Both schools are utilizing “high efficiency” heating and air units that should make massive reductions in energy costs.
Each classroom is fitted with new desks, rolling smart boards and, the teachers say, the excitement that comes from the new.
Jackson understands. Five months ago she gave birth to her first child, a healthy delightful boy named Rhett. “That has been a huge change in my life,” she says, smiling as she looks through her classroom’s window that opens up to a garden space. “It’s a new challenge of living.”
Bruce remembers walking the halls of Morgan County Middle School with her husband Bob when both were students. She has a fondness for the old school and its endearing memories.

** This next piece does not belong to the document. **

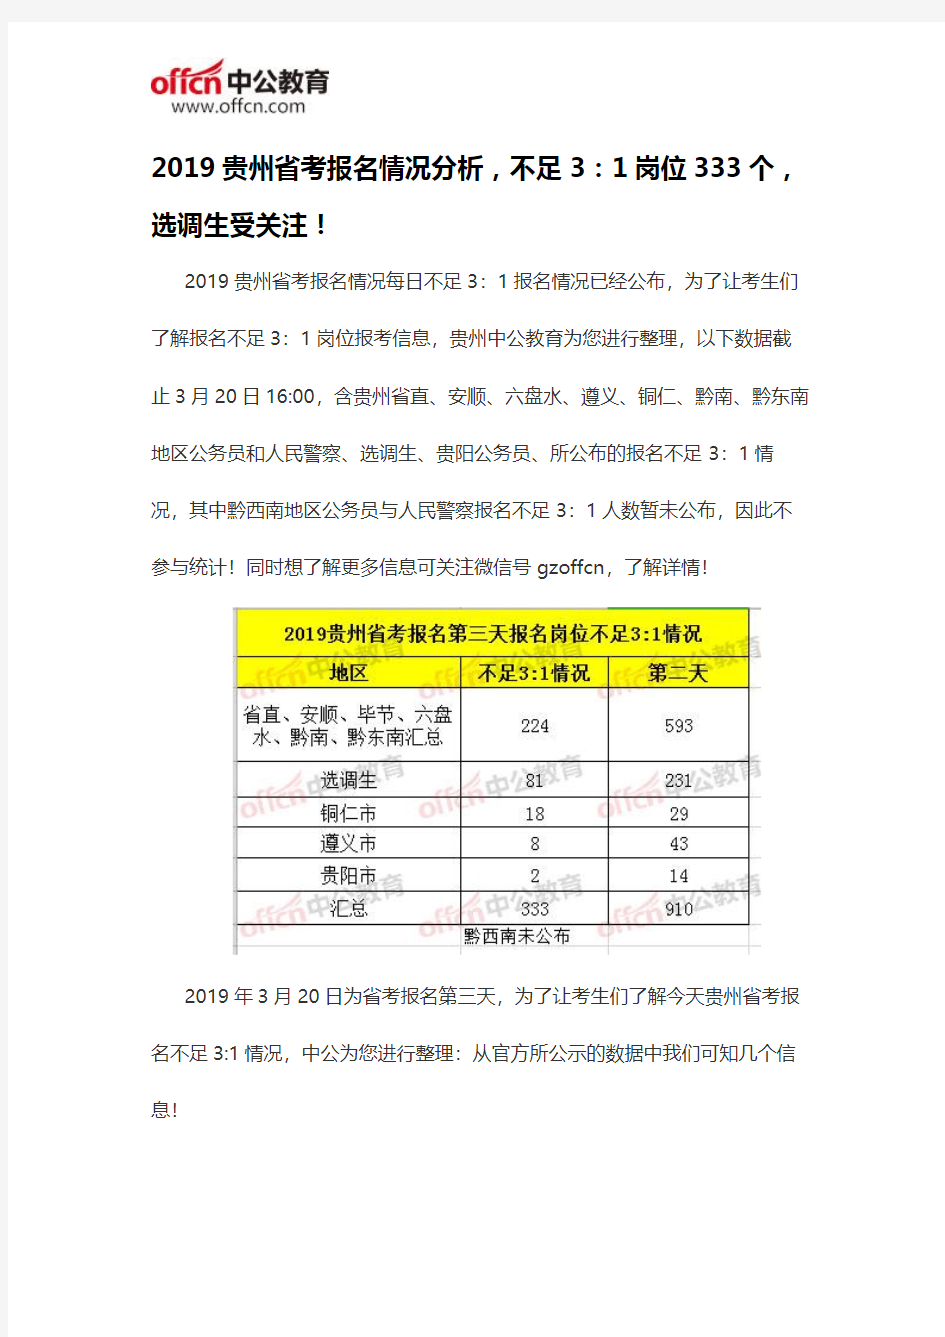 2019贵州省考报名情况分析,不足3：1岗位333个,选调生受关注!

But more so, she says, she has a fondness for her students and has regrets for the abrupt end of this year’s school year because of the threat of spreading the coronavirus.
“I went there (the old middle school) a couple of weeks ago and sat in my classroom and cried,” she says. “To me it’s bittersweet. We left that day that day no knowing we were not going to see our students again.”
“We were supposed to move in next week.”
“It’s hard to know you were teaching them the last day and didn’t know it was the last day.”
Meeler agrees. “We were very disappointed. They just wanted to walk through one more time.”
So no eighth grade dance. No awards night. No special “Taco Tuesday” during teacher appreciation week at the new school in the new cafeteria. Meeler says the school’s personality today is different. Exciting, she says, for sure. The new space is waiting for the new energy of students and teachers working together for the higher cause of education.
“There is always energy,” she says.
As Jackson unpacks one of the seven boxes administration allowed each teacher to fill (the corrugated cardboard boxes are recycled from when the high school teachers went through the same process) she exudes a comfortable energy. She shed her tears and is ready for the future in a place that she never wanted to leave. She’s got help, she says.
“Being close to everybody now is going to be nice. We are a close-knit school system and we are a family.”